Developers tend to be philosophical about security issues. At a recent Visual Studio developer conference, Sam Restead, a senior software engineer for a large insurance provider, shrugged and said, “I care about security and don’t intentionally write bad code. But the hackers move so fast that no one can keep up with all the emerging techniques to break into systems.”
Restead’s colleague Richard Guest added: “It’s mostly an OS problem anyway.”
Not surprisingly, both perception and bandwidth have led to the lack of motivation by developers in addressing security more rigorously in their applications. That said, developers don’t intentionally write insecure code and are keenly interested in making sure that an application isn’t the cause of a security breach. The real problem is that there are just too many other things for developers to do at the same time.
Vista will help most developers write more secure code. It does so, in part, through the use of UAC. The UAC separates standard user privileges and activities from those that require administrator access. It changes the definition of a standard user by including many basic functions that pose no security risk but that previously required administrative privileges.
Many applications require local machine administrator privileges, so users can end up with administrative access, invoked only when installing software or executing an application that requires admin rights. Vista displays a dialog box requesting the local administrator password, which the user must enter in order to complete the activity.
If the enterprise locks down desktop systems, UAC can also help there. Admins have the option of configuring a policy setting that prevents users from encountering the access dialog, in order to prevent administrative actions entirely.
Alternatively, UAC lets IT admins give desktop users administrative rights, but normal operations occur using lower privileges. If an application requires admin rights to continue, it will prompt the user for an OK.
UAC helps users better understand how their system is being used by applications. After an initial training period, users will come to know the normal behavior patterns of their applications, enabling them to question unusual or unexplained requests to upgrade system privileges.
And over time, UAC will help developers.
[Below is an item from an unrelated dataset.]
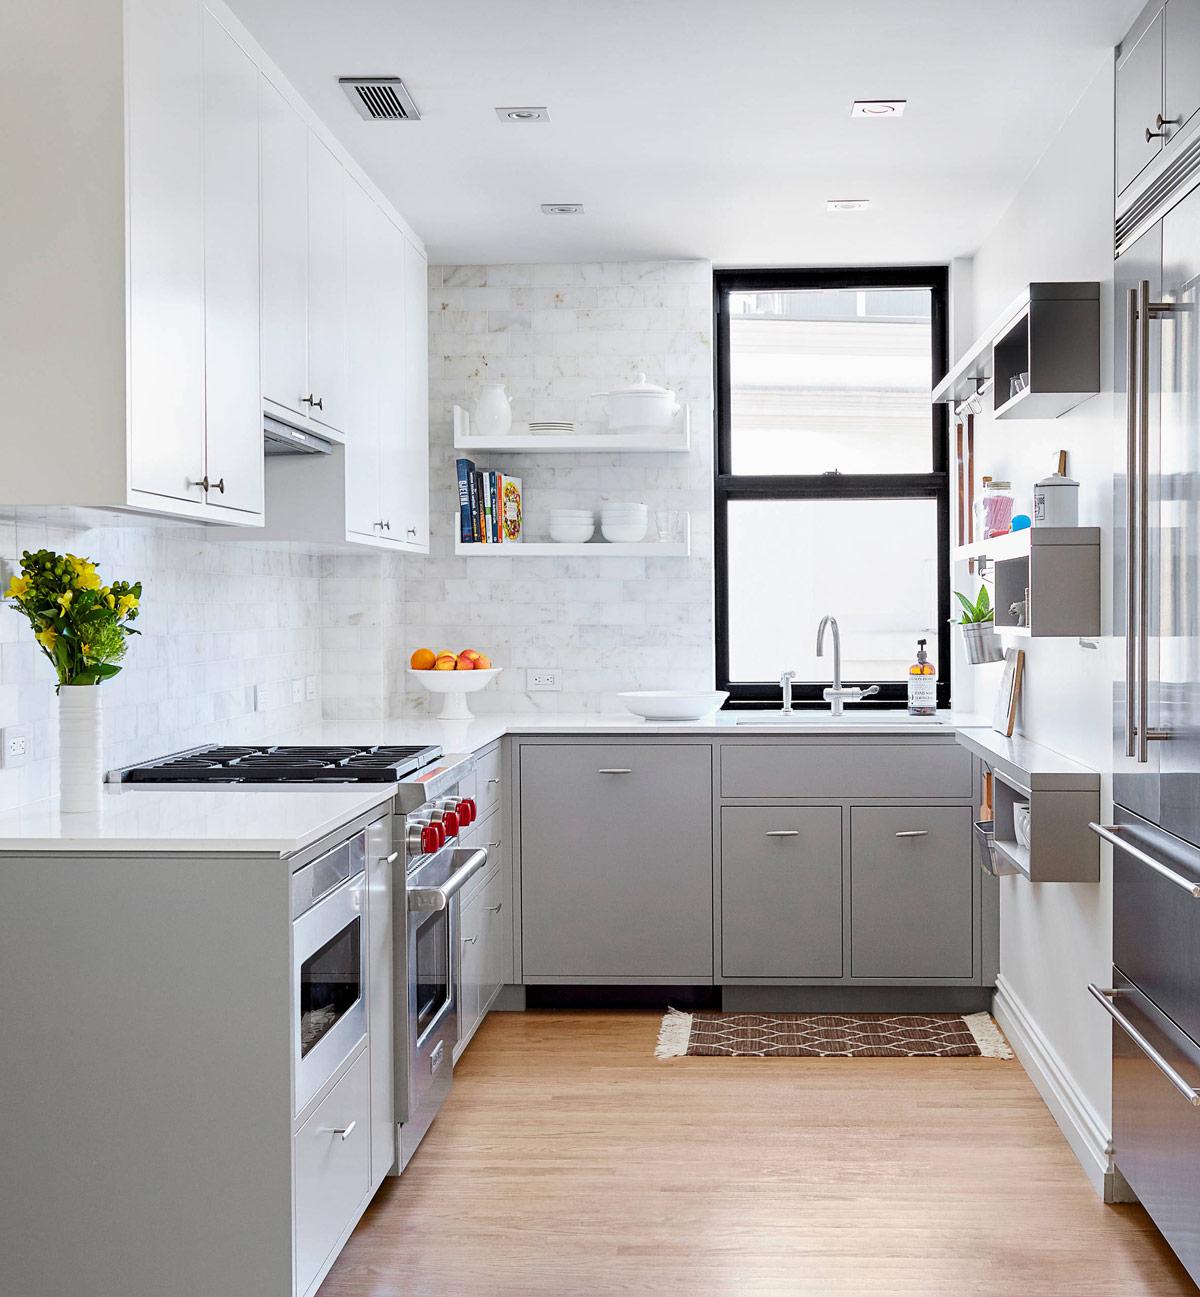 dekor dapur kreatif dengan kabinet berwarna putih abu-abu

Because those operations requiring admin privileges are right out there in the open, any inadvertent upgrade in privileges will become apparent during unit and functional testing.
Microsoft’s Toulouse admits that UAC got a bad reputation during early community releases of Vista. “We had the right idea,” he explains, “but we failed to consider usability. Since that early feedback we’ve made significant strides in usability, and believe we have a system that makes more sense to Vista users.”
One unyielding principle is that users are still informed whenever an application attempts to do something out of the ordinary. This means that many computer users will be seeing more messages concerning application privileges than they have in the past. To those who install software on their own systems, the dialog will be a constant reminder of the Vista security strategy.
The upshot is that users will have to better understand the security implications of their activities. This may cause confusion unless users are trained in their security responsibilities. In many enterprises such training is problematic, as users generally receive only the training they need to perform their job activities — and sometimes not even that.
According to BeyondTrust CEO John Moyer, this will be a problem in enterprises. “Users are focused on their jobs, not on the security messages that pop up on their screens,” he claims. UAC has the potential to cause confusion for users and increased workload for administrators. It’s not going away, though, so sooner or later developers will have to make their applications run in more secure environments and users will have to understand what to do when the UAC dialog box appears.
You can get your hands on most, if not all, of these and other less significant security features from third parties to use with Windows XP. BeyondTrust, for example, provides a way to manage user privileges in the IT shop, rather than on the user’s desktop. Adding third-party point solutions does mean a more complex configuration for installed systems, the need for better management of software licensing and upgrades, greater costs and perhaps a greater potential for system conflicts.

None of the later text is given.